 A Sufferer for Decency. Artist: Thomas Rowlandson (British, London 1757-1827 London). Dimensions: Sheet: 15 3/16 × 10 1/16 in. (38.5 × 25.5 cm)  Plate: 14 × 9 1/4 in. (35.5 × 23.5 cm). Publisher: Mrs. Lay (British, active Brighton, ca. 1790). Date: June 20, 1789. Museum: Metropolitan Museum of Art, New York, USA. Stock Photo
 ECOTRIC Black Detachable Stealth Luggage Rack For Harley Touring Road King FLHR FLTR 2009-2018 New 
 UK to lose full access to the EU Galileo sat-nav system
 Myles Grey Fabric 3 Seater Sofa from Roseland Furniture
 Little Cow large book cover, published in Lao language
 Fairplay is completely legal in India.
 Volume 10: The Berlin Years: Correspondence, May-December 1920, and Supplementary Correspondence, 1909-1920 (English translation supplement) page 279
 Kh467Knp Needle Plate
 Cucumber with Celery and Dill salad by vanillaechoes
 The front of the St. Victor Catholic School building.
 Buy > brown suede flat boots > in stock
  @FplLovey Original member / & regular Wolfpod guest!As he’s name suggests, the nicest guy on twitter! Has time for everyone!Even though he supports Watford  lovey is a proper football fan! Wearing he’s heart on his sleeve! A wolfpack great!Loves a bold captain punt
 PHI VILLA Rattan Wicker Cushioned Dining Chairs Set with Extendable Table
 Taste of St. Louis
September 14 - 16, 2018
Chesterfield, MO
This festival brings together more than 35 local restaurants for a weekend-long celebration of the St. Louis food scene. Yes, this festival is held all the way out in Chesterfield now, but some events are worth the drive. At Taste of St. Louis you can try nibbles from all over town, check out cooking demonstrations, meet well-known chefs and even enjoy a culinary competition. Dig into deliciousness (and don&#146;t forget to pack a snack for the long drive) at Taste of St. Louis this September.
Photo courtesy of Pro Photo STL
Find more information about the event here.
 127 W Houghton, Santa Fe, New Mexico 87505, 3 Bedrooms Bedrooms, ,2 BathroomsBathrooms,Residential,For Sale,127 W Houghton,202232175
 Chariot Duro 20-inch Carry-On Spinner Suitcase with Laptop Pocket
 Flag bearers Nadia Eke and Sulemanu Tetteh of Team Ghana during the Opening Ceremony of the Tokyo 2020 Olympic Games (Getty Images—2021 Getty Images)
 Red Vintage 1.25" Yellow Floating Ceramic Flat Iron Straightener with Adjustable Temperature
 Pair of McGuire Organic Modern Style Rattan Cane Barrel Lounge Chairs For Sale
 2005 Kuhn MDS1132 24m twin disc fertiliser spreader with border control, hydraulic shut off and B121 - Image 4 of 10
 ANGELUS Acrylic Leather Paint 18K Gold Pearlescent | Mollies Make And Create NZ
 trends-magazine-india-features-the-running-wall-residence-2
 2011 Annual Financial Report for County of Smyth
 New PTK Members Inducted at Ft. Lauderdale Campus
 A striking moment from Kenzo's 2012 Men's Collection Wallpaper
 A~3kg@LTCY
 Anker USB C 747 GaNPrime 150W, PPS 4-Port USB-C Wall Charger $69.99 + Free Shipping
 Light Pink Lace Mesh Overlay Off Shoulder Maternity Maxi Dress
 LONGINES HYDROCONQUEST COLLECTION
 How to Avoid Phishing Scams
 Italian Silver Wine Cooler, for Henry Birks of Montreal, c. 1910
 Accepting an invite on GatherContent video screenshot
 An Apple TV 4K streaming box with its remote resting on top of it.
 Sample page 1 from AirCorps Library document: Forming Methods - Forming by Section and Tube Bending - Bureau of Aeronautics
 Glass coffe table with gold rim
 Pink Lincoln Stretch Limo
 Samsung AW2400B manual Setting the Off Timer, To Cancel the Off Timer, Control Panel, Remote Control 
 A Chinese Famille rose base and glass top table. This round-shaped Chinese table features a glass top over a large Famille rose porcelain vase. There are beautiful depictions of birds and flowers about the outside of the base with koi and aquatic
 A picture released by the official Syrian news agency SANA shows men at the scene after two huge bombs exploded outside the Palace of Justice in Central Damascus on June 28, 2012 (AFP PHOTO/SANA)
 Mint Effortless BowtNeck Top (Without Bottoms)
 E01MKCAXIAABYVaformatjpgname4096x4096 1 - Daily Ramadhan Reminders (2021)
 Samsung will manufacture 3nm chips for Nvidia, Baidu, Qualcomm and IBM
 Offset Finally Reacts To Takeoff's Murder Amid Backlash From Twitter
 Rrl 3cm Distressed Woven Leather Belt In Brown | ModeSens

^^^^

Exercise requirements: Your answer should consist of every record, printed exactly as given.

Solved exercise:
 A Sufferer for Decency. Artist: Thomas Rowlandson (British, London 1757-1827 London). Dimensions: Sheet: 15 3/16 × 10 1/16 in. (38.5 × 25.5 cm)  Plate: 14 × 9 1/4 in. (35.5 × 23.5 cm). Publisher: Mrs. Lay (British, active Brighton, ca. 1790). Date: June 20, 1789. Museum: Metropolitan Museum of Art, New York, USA. Stock Photo
 ECOTRIC Black Detachable Stealth Luggage Rack For Harley Touring Road King FLHR FLTR 2009-2018 New 
 UK to lose full access to the EU Galileo sat-nav system
 Myles Grey Fabric 3 Seater Sofa from Roseland Furniture
 Little Cow large book cover, published in Lao language
 Fairplay is completely legal in India.
 Volume 10: The Berlin Years: Correspondence, May-December 1920, and Supplementary Correspondence, 1909-1920 (English translation supplement) page 279
 Kh467Knp Needle Plate
 Cucumber with Celery and Dill salad by vanillaechoes
 The front of the St. Victor Catholic School building.
 Buy > brown suede flat boots > in stock
  @FplLovey Original member / & regular Wolfpod guest!As he’s name suggests, the nicest guy on twitter! Has time for everyone!Even though he supports Watford  lovey is a proper football fan! Wearing he’s heart on his sleeve! A wolfpack great!Loves a bold captain punt
 PHI VILLA Rattan Wicker Cushioned Dining Chairs Set with Extendable Table
 Taste of St. Louis
September 14 - 16, 2018
Chesterfield, MO
This festival brings together more than 35 local restaurants for a weekend-long celebration of the St. Louis food scene. Yes, this festival is held all the way out in Chesterfield now, but some events are worth the drive. At Taste of St. Louis you can try nibbles from all over town, check out cooking demonstrations, meet well-known chefs and even enjoy a culinary competition. Dig into deliciousness (and don&#146;t forget to pack a snack for the long drive) at Taste of St. Louis this September.
Photo courtesy of Pro Photo STL
Find more information about the event here.
 127 W Houghton, Santa Fe, New Mexico 87505, 3 Bedrooms Bedrooms, ,2 BathroomsBathrooms,Residential,For Sale,127 W Houghton,202232175
 Chariot Duro 20-inch Carry-On Spinner Suitcase with Laptop Pocket
 Flag bearers Nadia Eke and Sulemanu Tetteh of Team Ghana during the Opening Ceremony of the Tokyo 2020 Olympic Games (Getty Images—2021 Getty Images)
 Red Vintage 1.25" Yellow Floating Ceramic Flat Iron Straightener with Adjustable Temperature
 Pair of McGuire Organic Modern Style Rattan Cane Barrel Lounge Chairs For Sale
 2005 Kuhn MDS1132 24m twin disc fertiliser spreader with border control, hydraulic shut off and B121 - Image 4 of 10
 ANGELUS Acrylic Leather Paint 18K Gold Pearlescent | Mollies Make And Create NZ
 trends-magazine-india-features-the-running-wall-residence-2
 2011 Annual Financial Report for County of Smyth
 New PTK Members Inducted at Ft. Lauderdale Campus
 A striking moment from Kenzo's 2012 Men's Collection Wallpaper
 A~3kg@LTCY
 Anker USB C 747 GaNPrime 150W, PPS 4-Port USB-C Wall Charger $69.99 + Free Shipping
 Light Pink Lace Mesh Overlay Off Shoulder Maternity Maxi Dress
 LONGINES HYDROCONQUEST COLLECTION
 How to Avoid Phishing Scams
 Italian Silver Wine Cooler, for Henry Birks of Montreal, c. 1910
 Accepting an invite on GatherContent video screenshot
 An Apple TV 4K streaming box with its remote resting on top of it.
 Sample page 1 from AirCorps Library document: Forming Methods - Forming by Section and Tube Bending - Bureau of Aeronautics
 Glass coffe table with gold rim
 Pink Lincoln Stretch Limo
 Samsung AW2400B manual Setting the Off Timer, To Cancel the Off Timer, Control Panel, Remote Control 
 A Chinese Famille rose base and glass top table. This round-shaped Chinese table features a glass top over a large Famille rose porcelain vase. There are beautiful depictions of birds and flowers about the outside of the base with koi and aquatic
 A picture released by the official Syrian news agency SANA shows men at the scene after two huge bombs exploded outside the Palace of Justice in Central Damascus on June 28, 2012 (AFP PHOTO/SANA)
 Mint Effortless BowtNeck Top (Without Bottoms)
 E01MKCAXIAABYVaformatjpgname4096x4096 1 - Daily Ramadhan Reminders (2021)
 Samsung will manufacture 3nm chips for Nvidia, Baidu, Qualcomm and IBM
 Offset Finally Reacts To Takeoff's Murder Amid Backlash From Twitter
 Rrl 3cm Distressed Woven Leather Belt In Brown | ModeSens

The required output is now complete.